Begin by importing some of the necessary libraries, including the Riva Client libraries.

In [None]:
# Import required libraries
import io
import wave
from pathlib import Path
import riva.client
import IPython.display as ipd

#### Create Riva clients and connect to the Riva server

The following URI assumes a local deployment of the Riva TTS NIM on the default port. In case the server deployment is on a different host or via Helm chart on Kubernetes, use an appropriate URI.

In [None]:
auth = riva.client.Auth(uri='0.0.0.0:50051')
tts_service = riva.client.SpeechSynthesisService(auth)

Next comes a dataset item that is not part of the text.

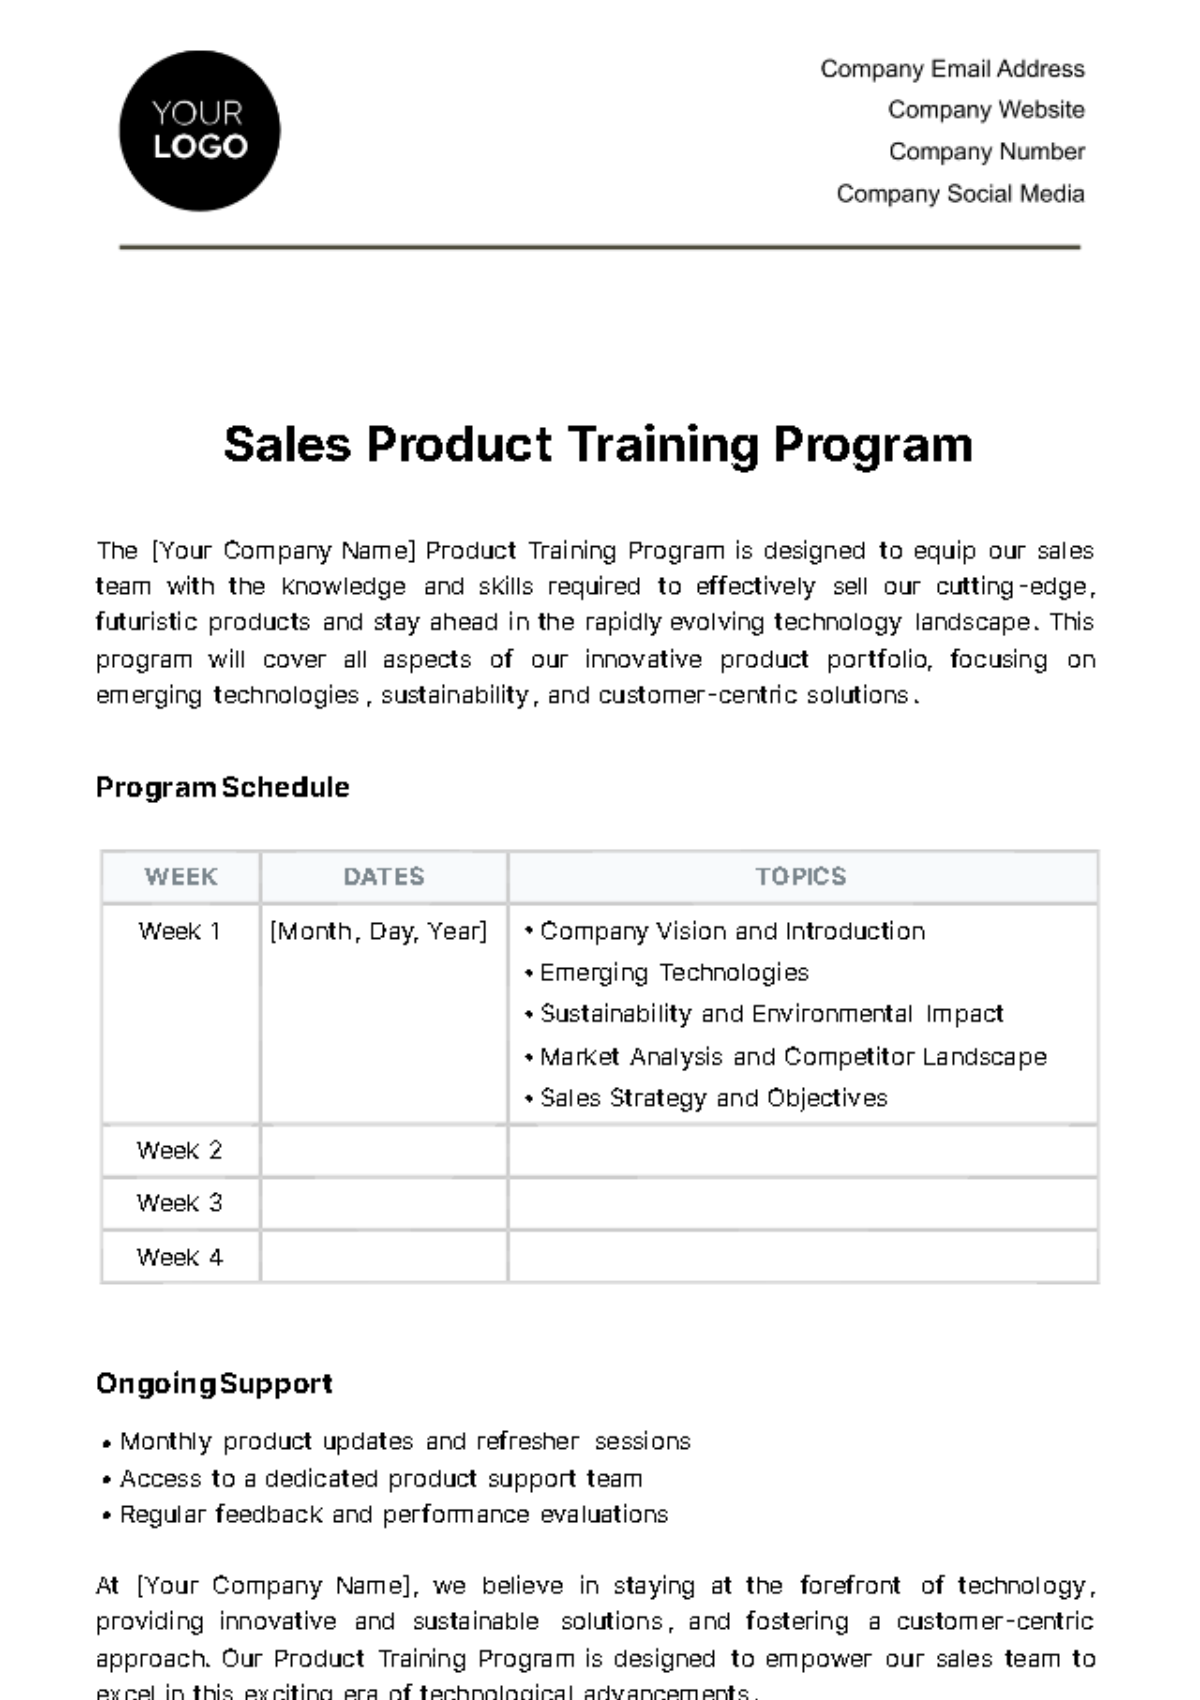 Sales Product Training Program Template

Get list of supported TTS languages and voices.

In [None]:
request = riva.client.proto.riva_tts_pb2.RivaSynthesisConfigRequest()
response = tts_service.stub.GetRivaSynthesisConfig(request)

tts_models = dict()
for model_config in response.model_config:
    language_code = model_config.parameters['language_code']
    voice_name = model_config.parameters['voice_name']
    subvoices = [voice.split(':')[0] for voice in model_config.parameters['subvoices'].split(',')]
    full_voice_names = [voice_name + "." + subvoice for subvoice in subvoices]
    tts_models[language_code] = full_voice_names

print(tts_models)

### TTS modes

Riva TTS supports both streaming and offline inference modes. In offline mode, audio is not returned until the full audio sequence for the requested text is generated. In streaming mode, audio chunks are returned as soon as they are generated, significantly reducing the latency (as measured by time to first audio) for large requests.

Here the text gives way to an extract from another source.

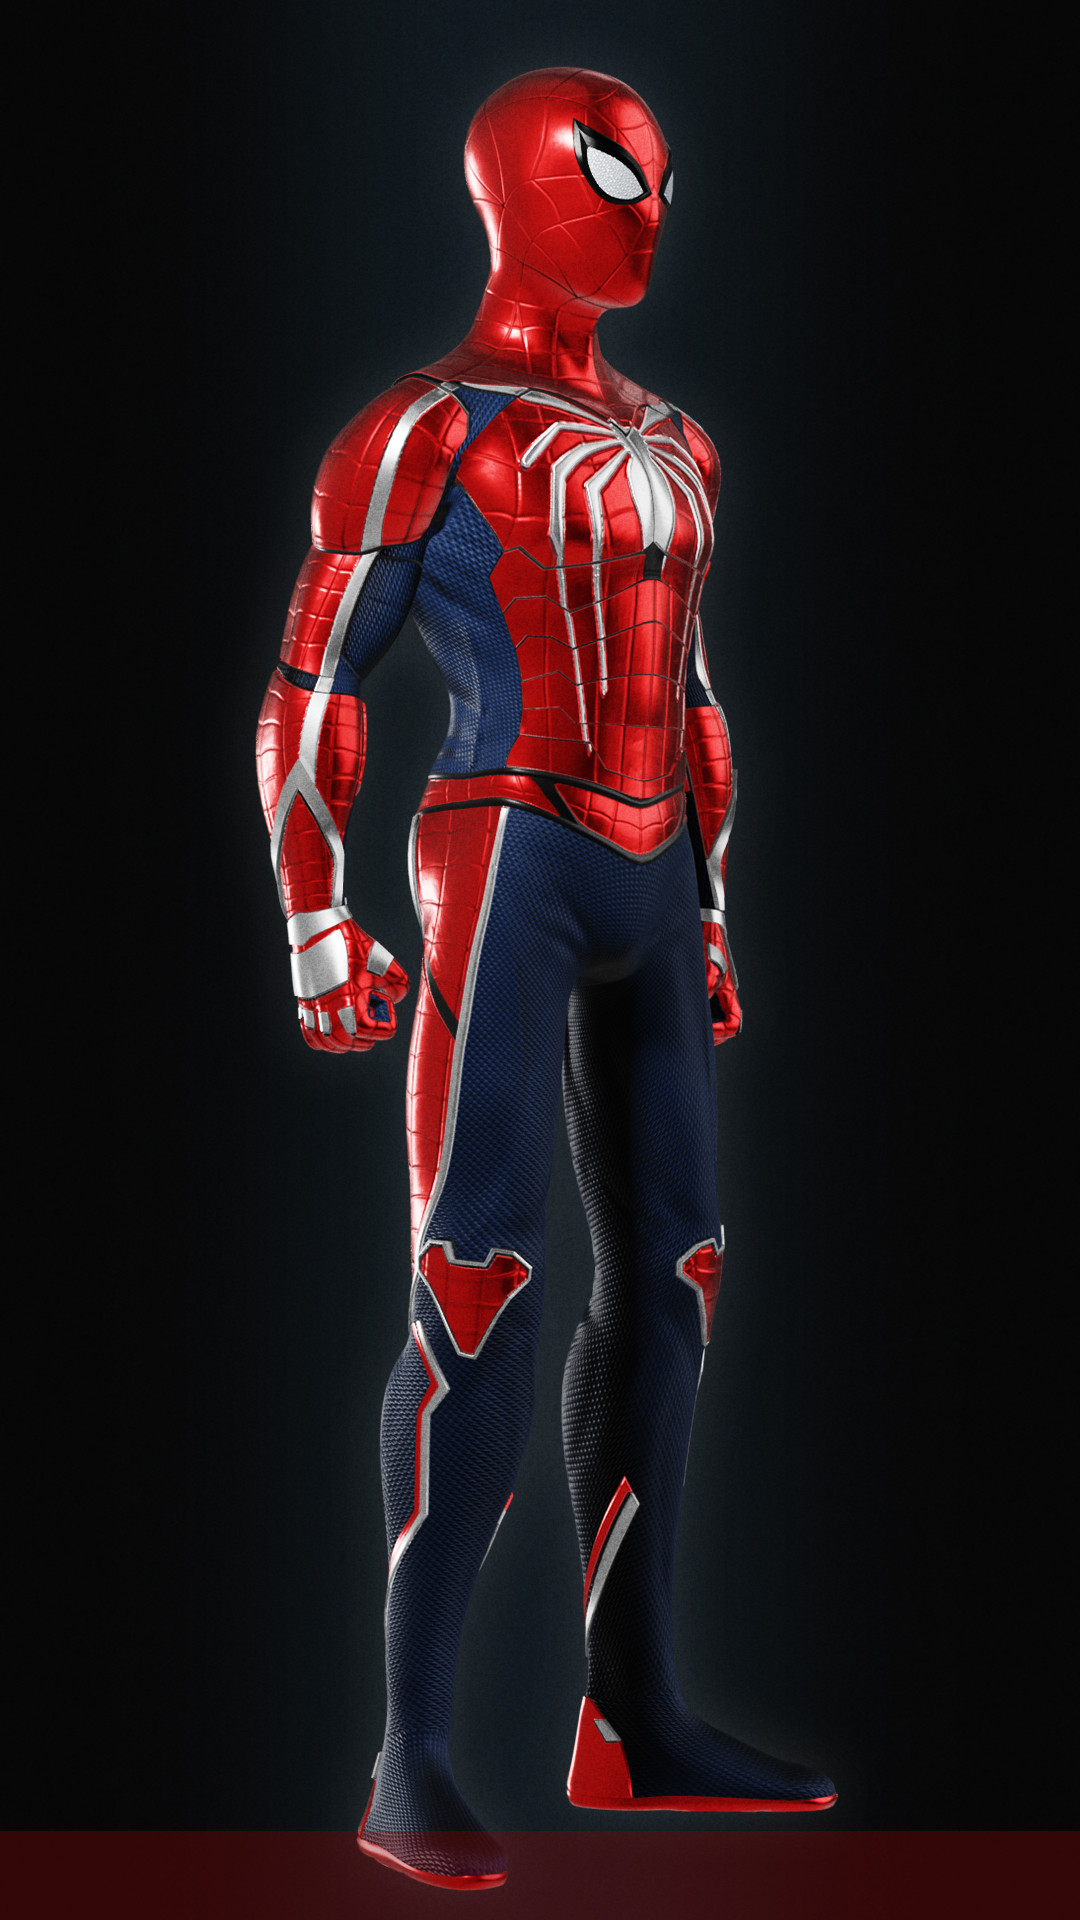 ArtStation Spiderman Custom Suit design 3D character asset Resources

#### Setup the TTS API parameters

Lets synthesize the audio for English (en-US) text with one of the available voice.

In [None]:
request = riva.client.proto.riva_tts_pb2.SynthesizeSpeechRequest(
    language_code = "en-US",
    encoding = riva.client.AudioEncoding.LINEAR_PCM,
    sample_rate_hz = 44100,
    voice_name = "Magpie-Multilingual.EN-US.Female.Neutral"
)

#### Understanding TTS API parameters

Riva TTS supports a number of options while making a text-to-speech request to the gRPC endpoint, as shown above. Let's learn more about these parameters:
- ``language_code`` - Language of the generated audio. ``en-US`` represents English (US) and is currently the only language supported OOTB.
- ``encoding`` - Type of audio encoding to generate. ``LINEAR_PCM`` and ``OGGOPUS`` encodings are supported.
- ``sample_rate_hz`` - Sample rate of the generated audio. Depends on the microphone and is usually ``22khz`` or ``44khz``.
- ``voice_name`` - Voice used to synthesize the audio.

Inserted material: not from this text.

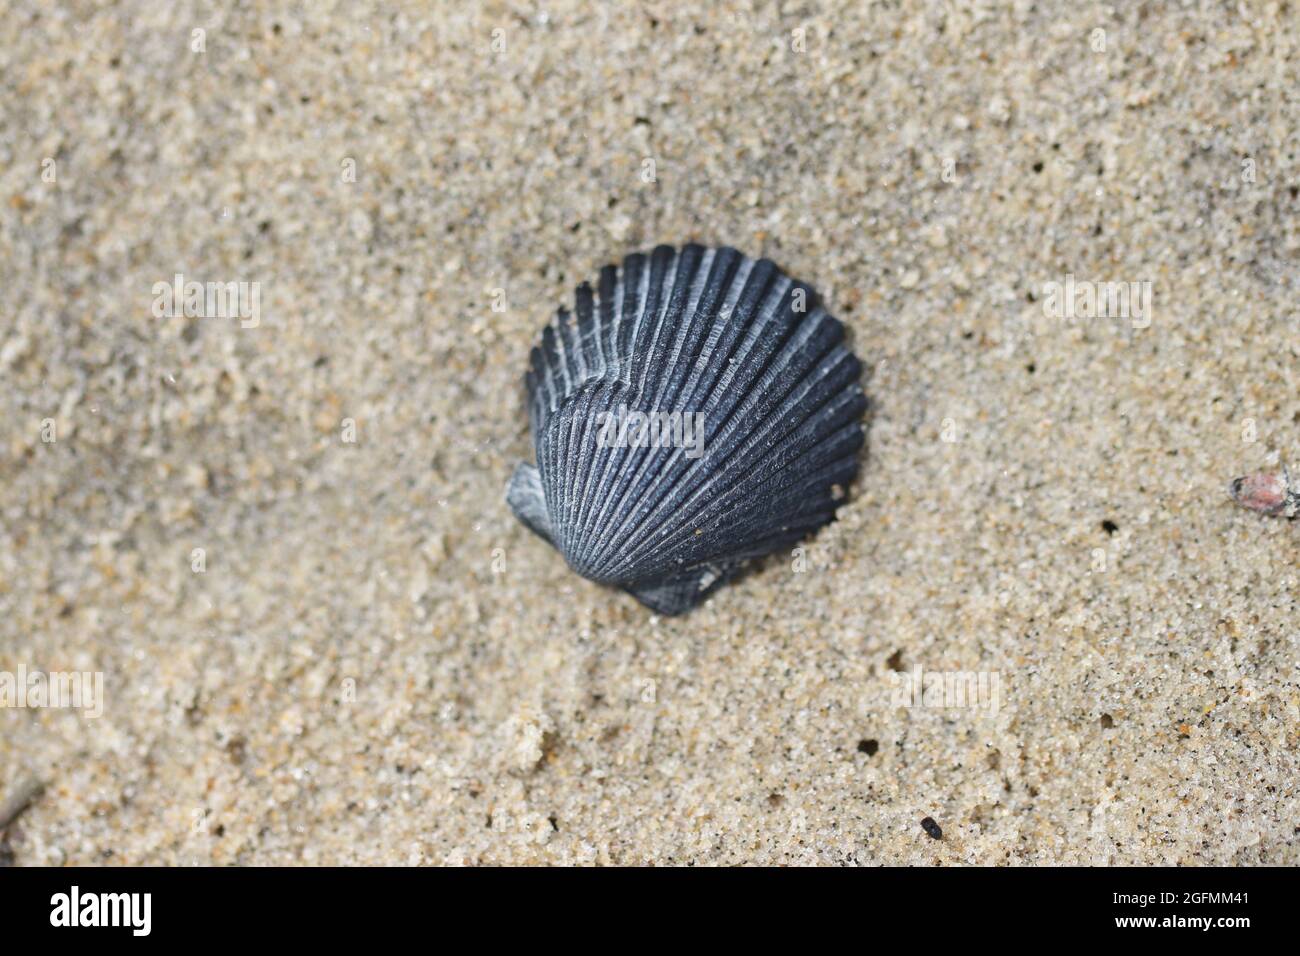 A gray scallop shell (bivalve mollusk) lies on a North Carolina beach on the sand. Stock Photo

Create a utility function to save synthesized audio to file on disk.

In [None]:
def save_audio_to_file(filename, audio, rate):
    with wave.open(filename, "wb") as wav_file:
        wav_file.setnchannels(1)
        wav_file.setsampwidth(2)
        wav_file.setframerate(rate)
        wav_file.writeframes(audio)

#### Make a gRPC Request to Riva Server

For offline inference mode, use `Synthesize`. Results are returned when the entire audio is synthesized.

In [None]:
request.text = "Is it recognize speech or wreck a nice beach?"
response = tts_service.stub.Synthesize(request)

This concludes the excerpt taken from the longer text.